Vincenzo "Enzo" Iacchetti (born 31 August 1952) is an Italian stand-up comedian, actor, television presenter and singer.

Biography 
Born in Castelleone, Iacchetti graduated in accounting and then made his apprenticeship as an entertainer performing in pizzerias and in restaurants in occasion of baptisms and weddings. In 1978 he was responsible for the programming of Radio Tresa, a little radio station in Lavena, also working as a speaker and an interviewer.
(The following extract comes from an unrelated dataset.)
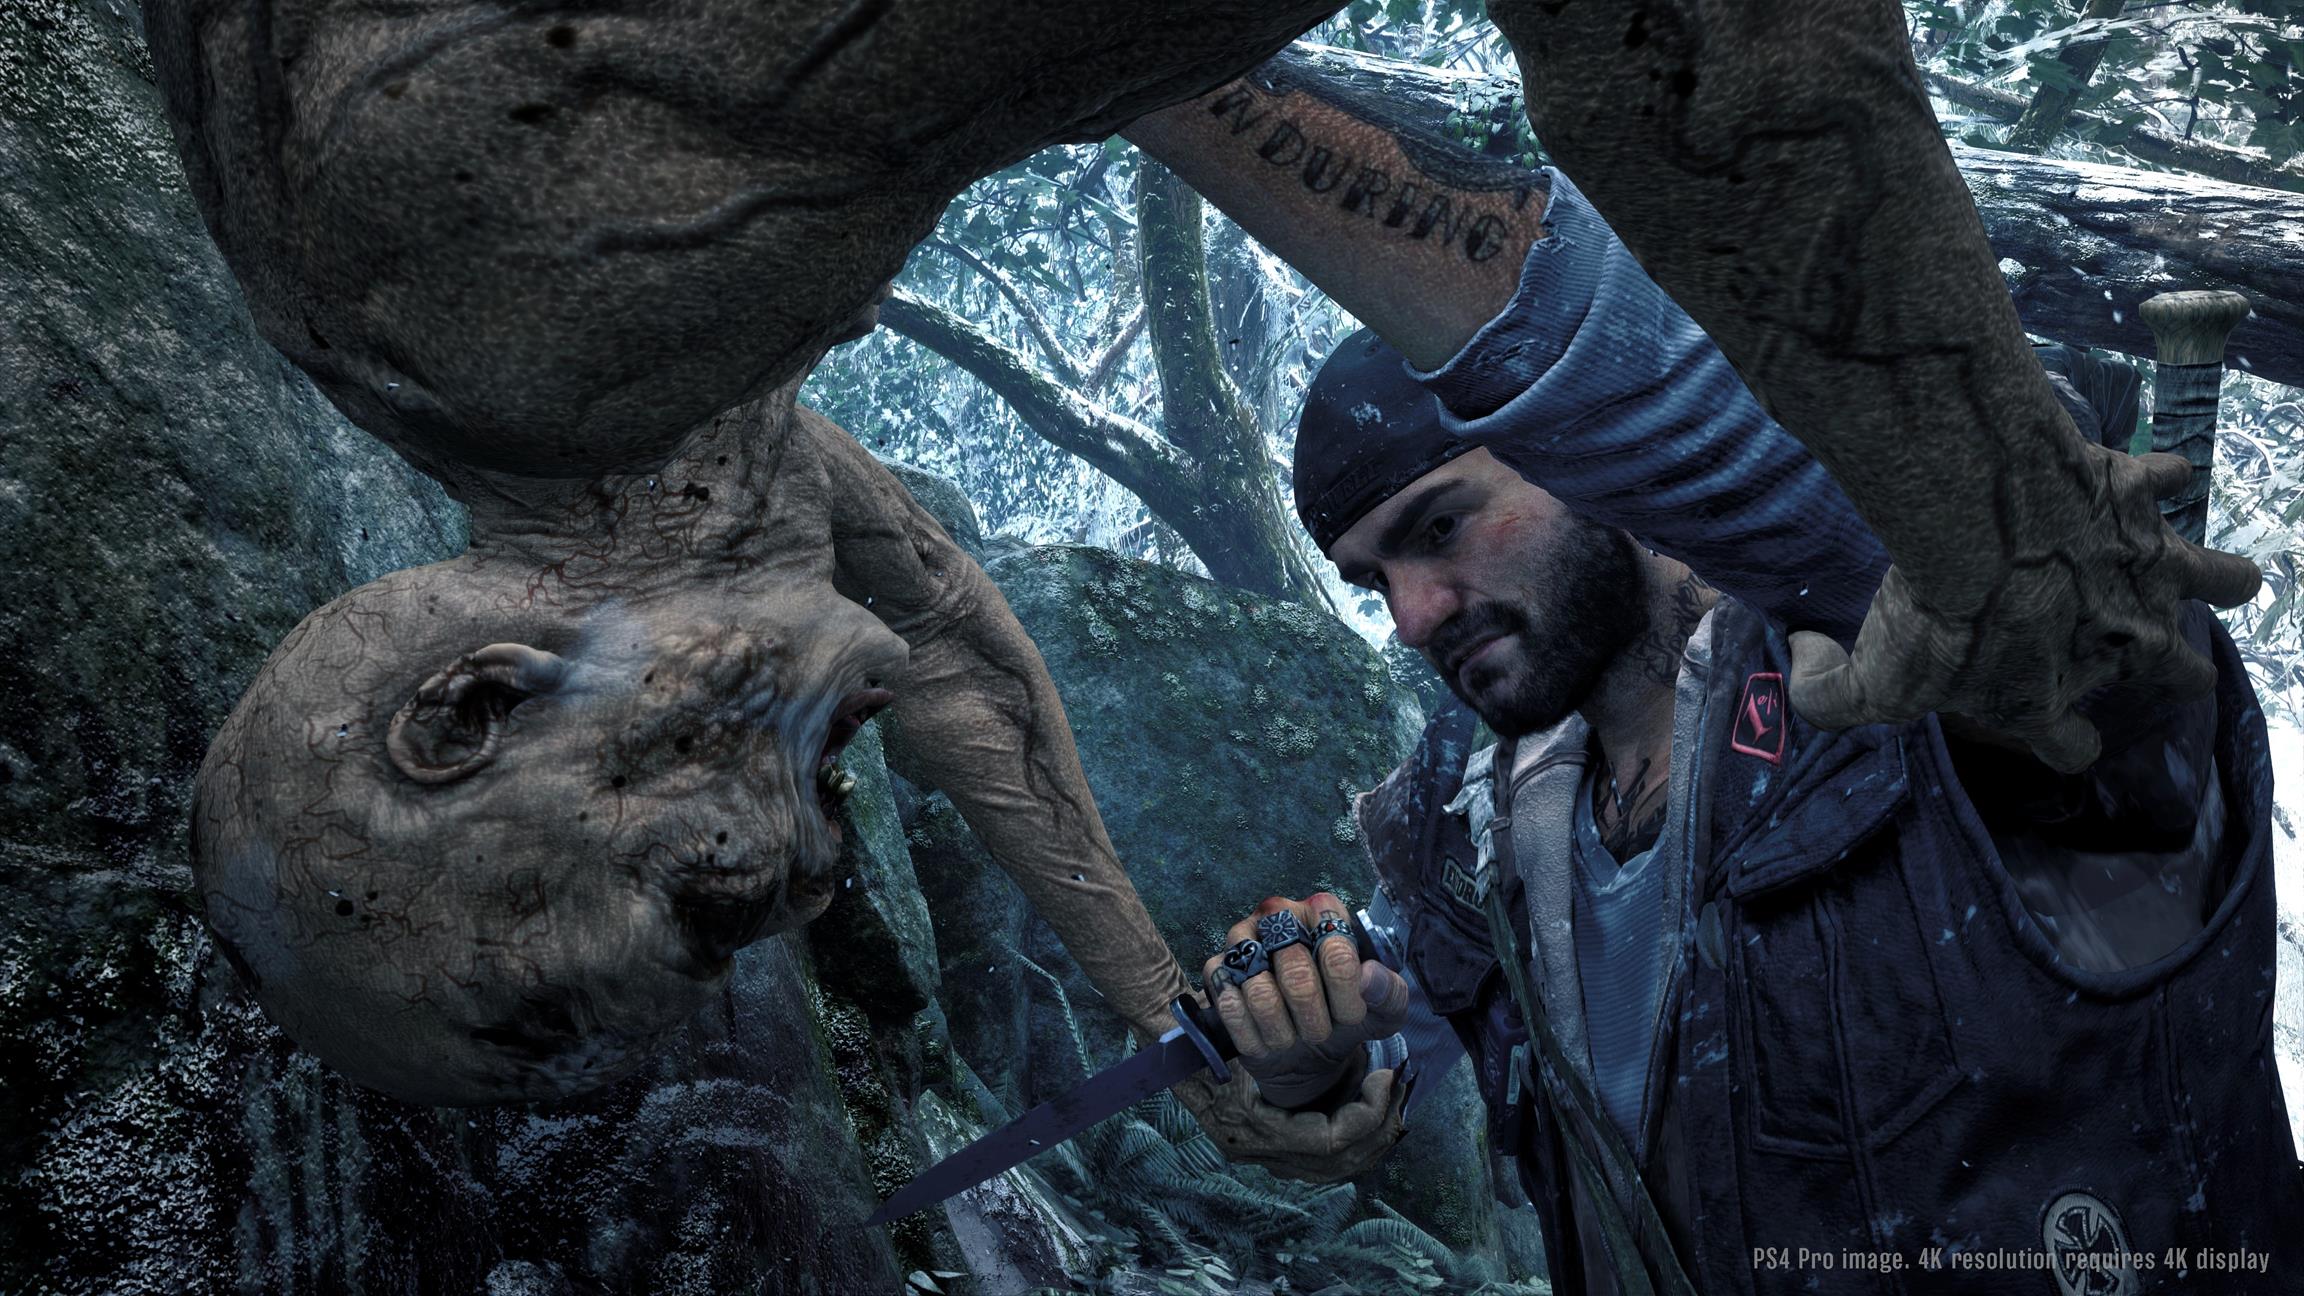 Image for Days Gone delayed to April, Concrete Genie coming in spring 2019

In 1979 he moved to Milan, where he started performing at the Derby Club alongside other future successful comedians such as Giorgio Faletti and Francesco Salvi.

In 1981 Iacchetti made his television debut, playing a series of practical jokes for the RAI show Il Sabato dello Zecchino.  After appearing in a number of other variety shows, he had his breakout in the early 1990s as a recurring guest in the Canale 5 talk show Maurizio Costanzo Show, where he became popular for his "bonsai" songs, very short humor songs usually lasting less than a minute whose lyrics were surrealistic and often nonsensical. Starting from 1994, Iacchetti got a large success as the presenter of the satirical Striscia la notizia, a role he reprised in the following seasons. In 1995, he made his debut as lead actor in the film Come quando fuori piove.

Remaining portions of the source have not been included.